Что именно так позабавило Джонсона, так и осталось неясным, так как Ридли поспешил осведомиться:
– И более вы ни о чем с миледи де Моранвилль не говорили? Лишь консультировали ее о правовой подоплеке развода?
– Она трижды приходила сюда, – признался нотариус, – и трижды спрашивала о том же. В последний раз она особенно интересовалась, кто из родителей получает права на ребенка в случае намечающегося развода...
Ридли поднялся и поблагодарил мистера Барбриджа за уделенное время, в дверях, правда остановился:
– Вы слышали, ясное дело, о деле де Моранвиллей и сразу поняли, о ком идет речь, едва я спросил, и все-таки три года назад, когда умер ребенок, не сочли нужным явиться в полицию и рассказать о визитах графини.

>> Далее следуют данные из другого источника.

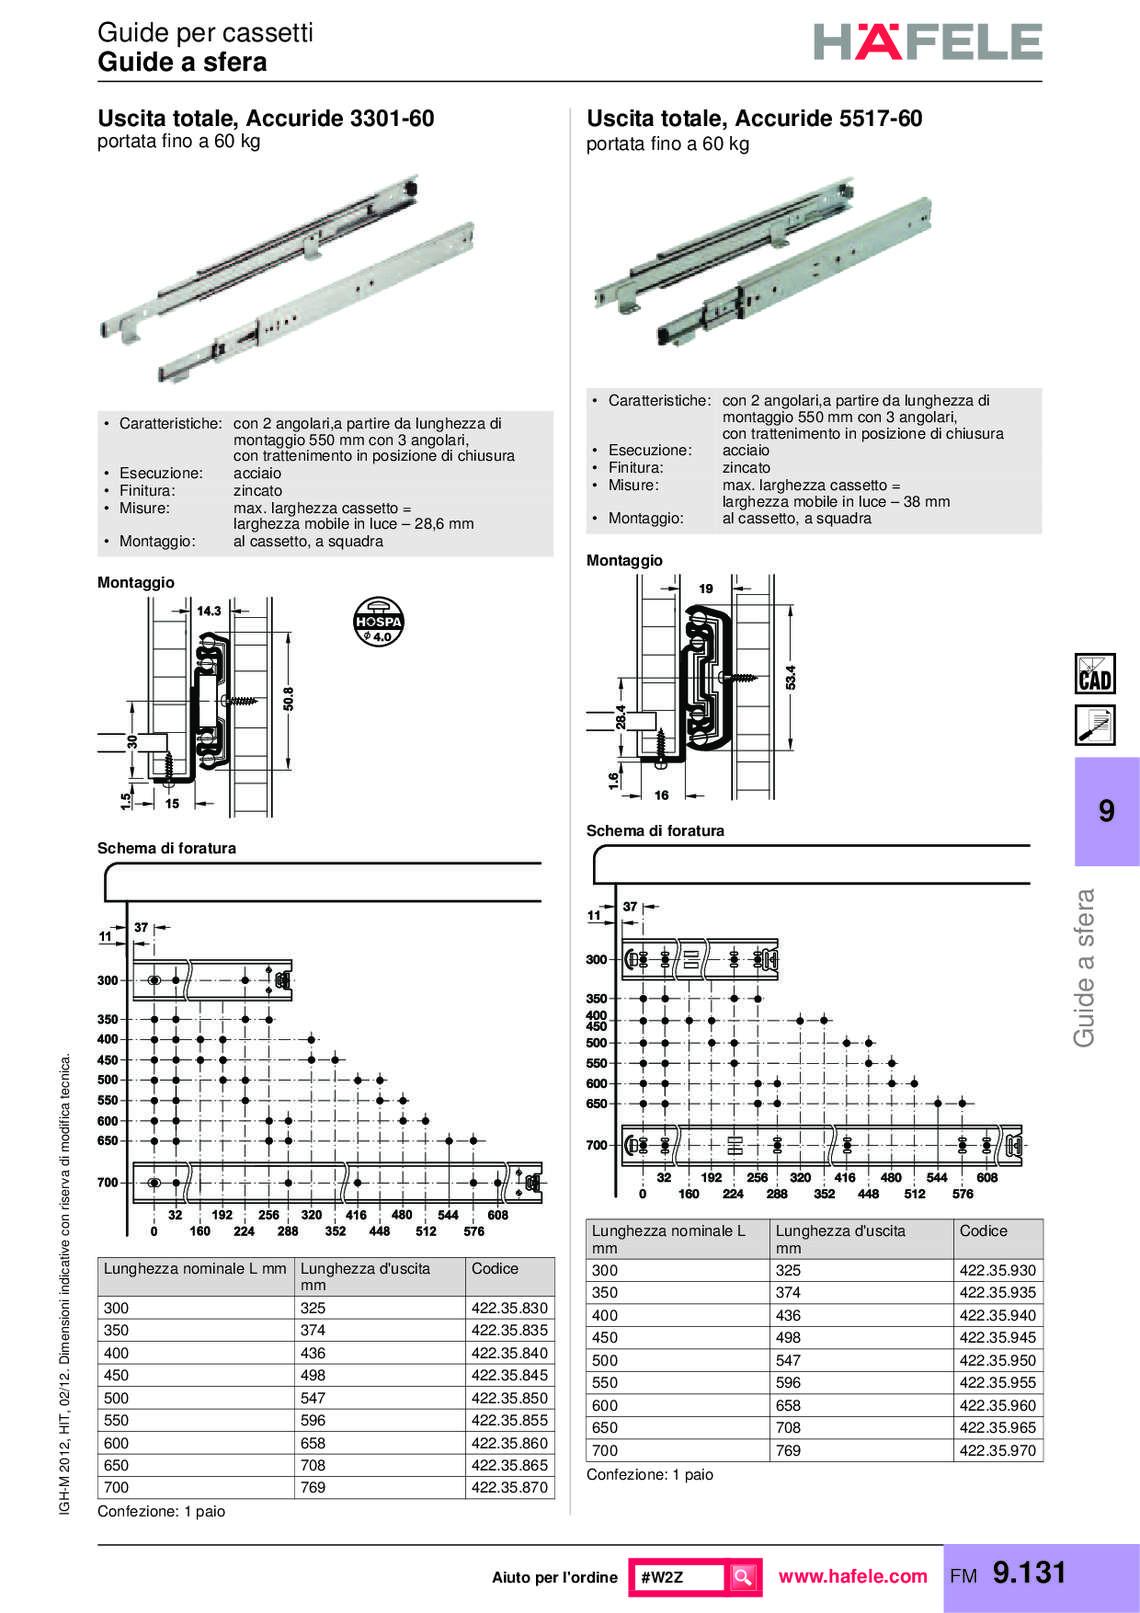 hafele-spondine-e-guide-per-mobili_40_184.jpg

Почему, сэр?
Барбридж смутился, тряхнув головой.
– Я связан нотариальной тайной, инспектор.
– Но умер ребенок. Полагаю, это достаточная причина, чтобы однажды поступиться своими профессиональными принципами. – И еще более жестко: – Вы, быть может, покрывали преступника. Совесть совсем не тревожила вас?
Барбридж то ли икнул, то ли хрюкнул – Ридли вышел и прикрыл за собой дверь. А Джонсон подумал, что именно из-за таких «мистеров Барбриджей» сотни дел до сих пор остаются нераскрытыми. Гадкие паучишки!